• [Aim of the exercise] In the listing below, locate the line with "A pair of Steuben crystal bowls" and the line with "Measures: Smaller bowl 3", then output both and everything between them exactly, minus any pictures.

---------- Material supplied ----------

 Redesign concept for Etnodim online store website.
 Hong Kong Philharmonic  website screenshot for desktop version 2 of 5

----------
---------- Material supplied ----------

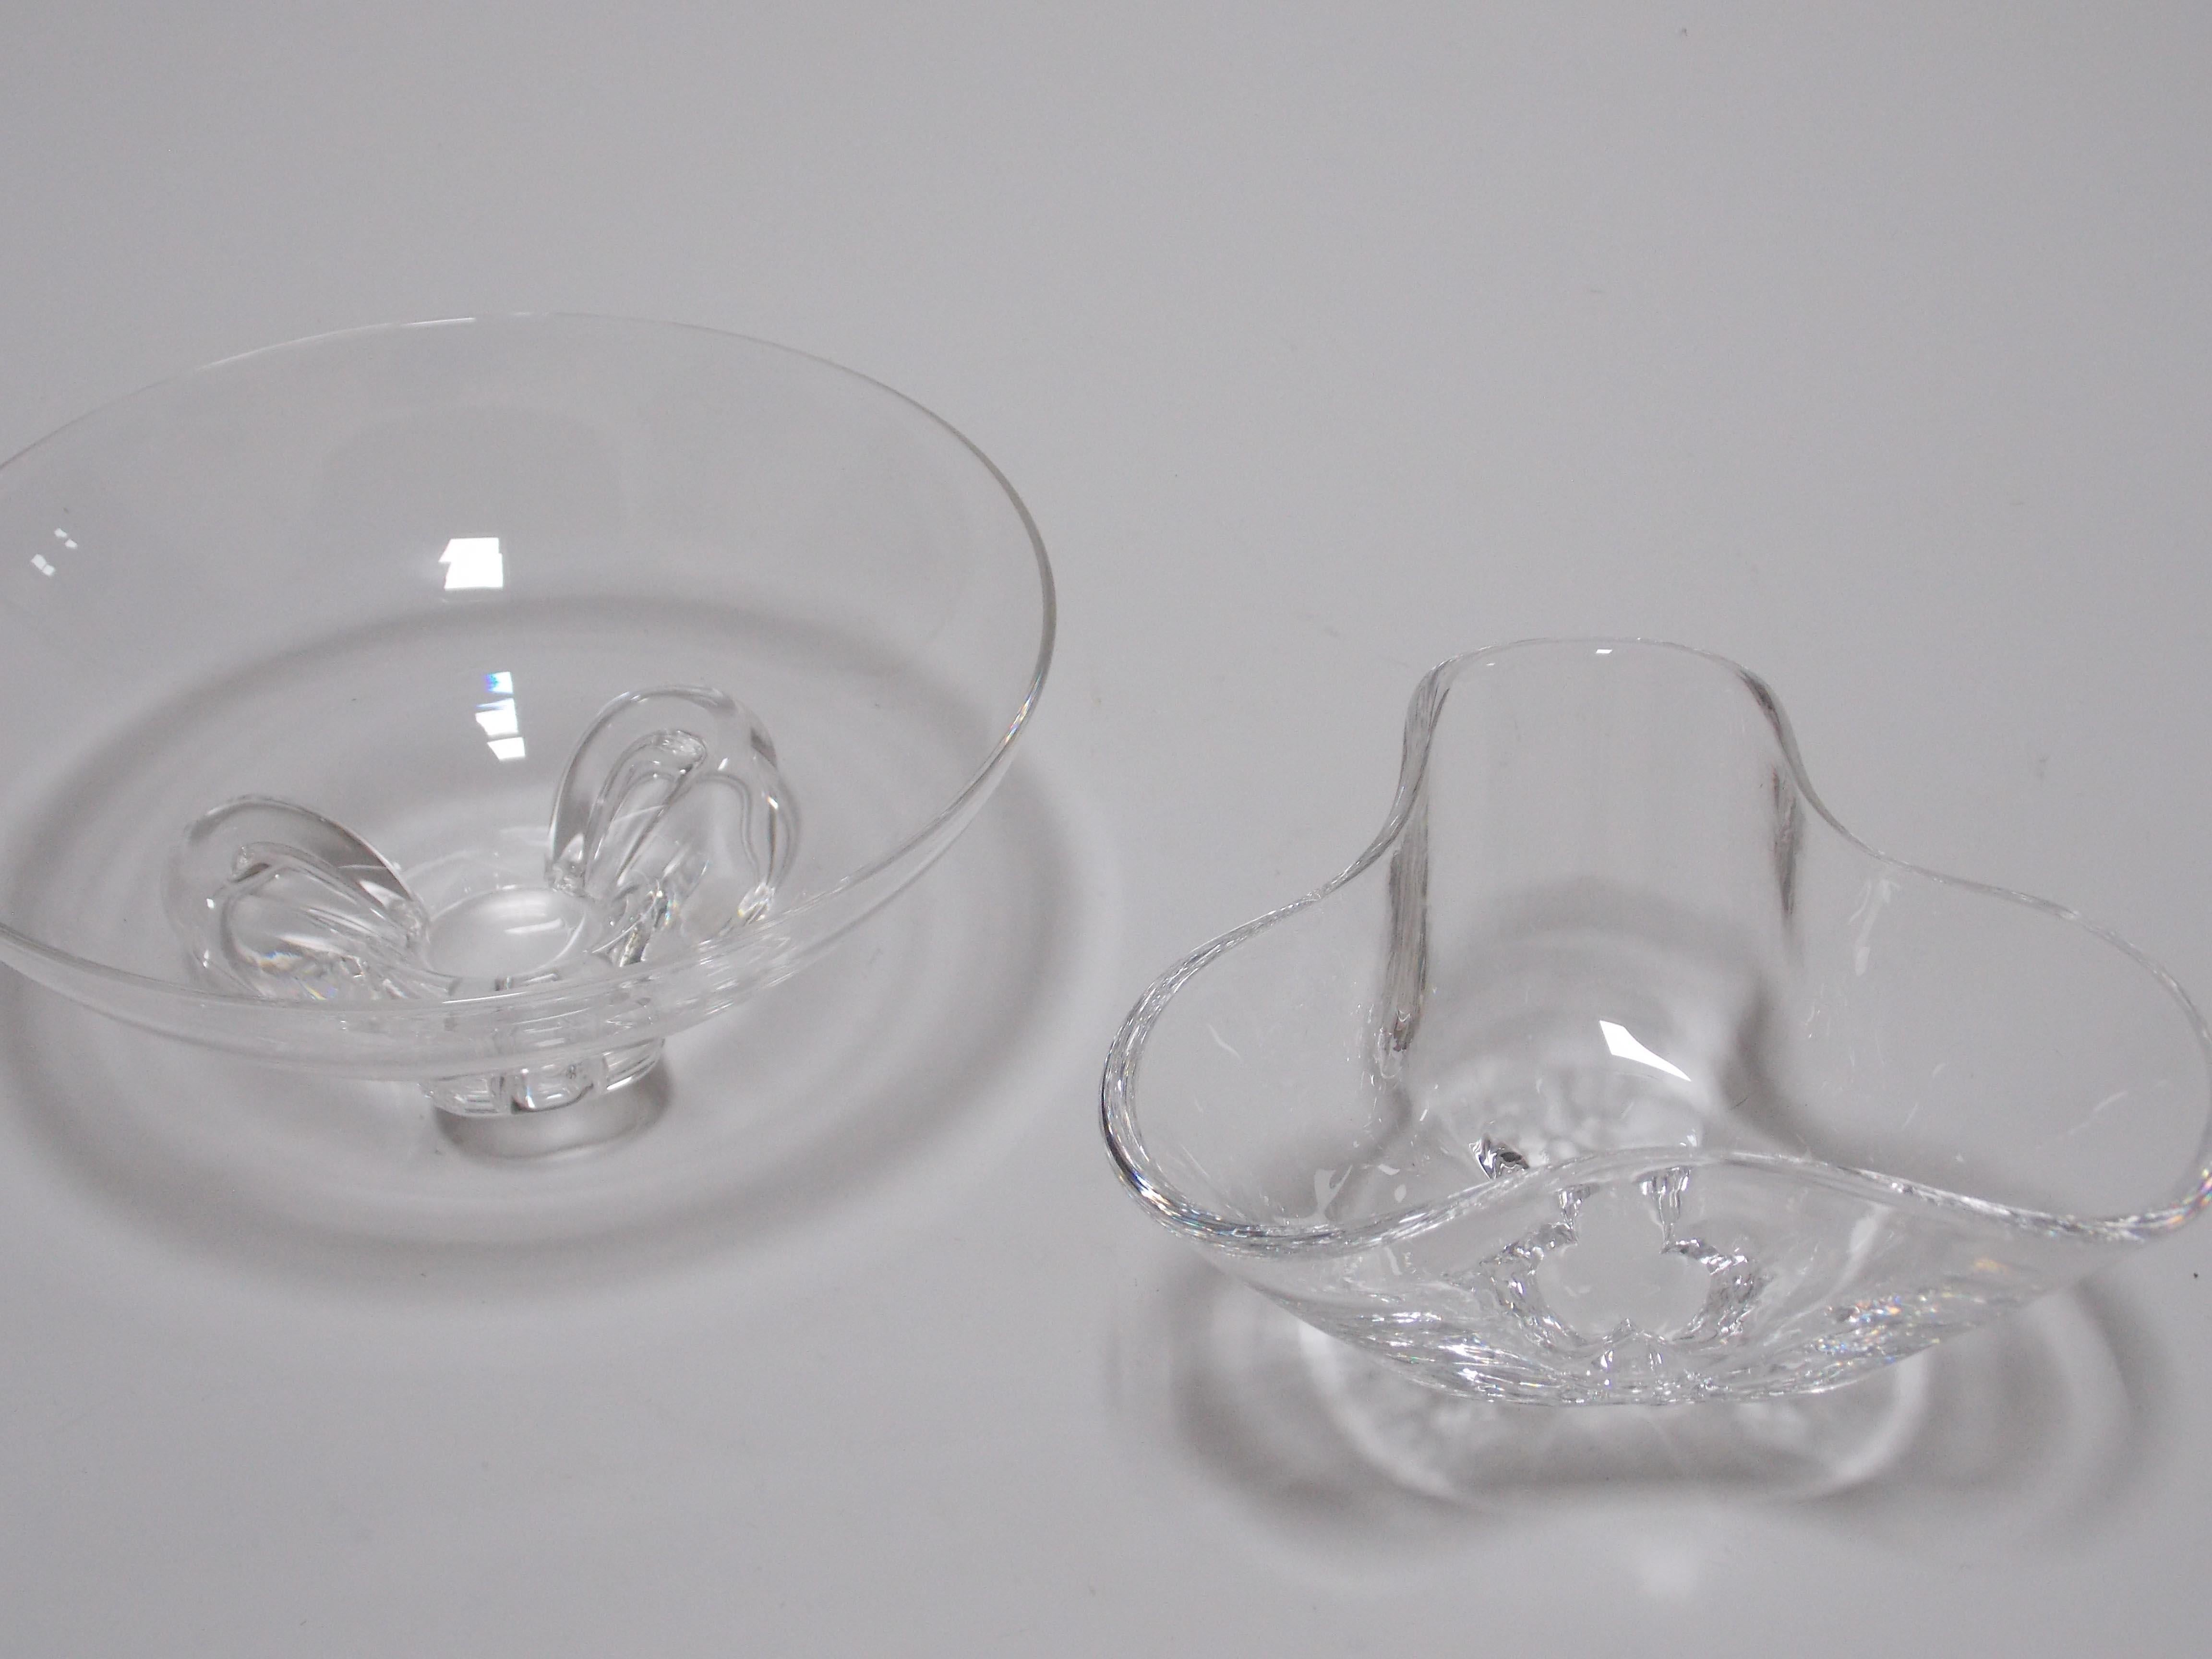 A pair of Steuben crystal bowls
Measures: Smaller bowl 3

----------

• [Answer box]
 A pair of Steuben crystal bowls
Measures: Smaller bowl 3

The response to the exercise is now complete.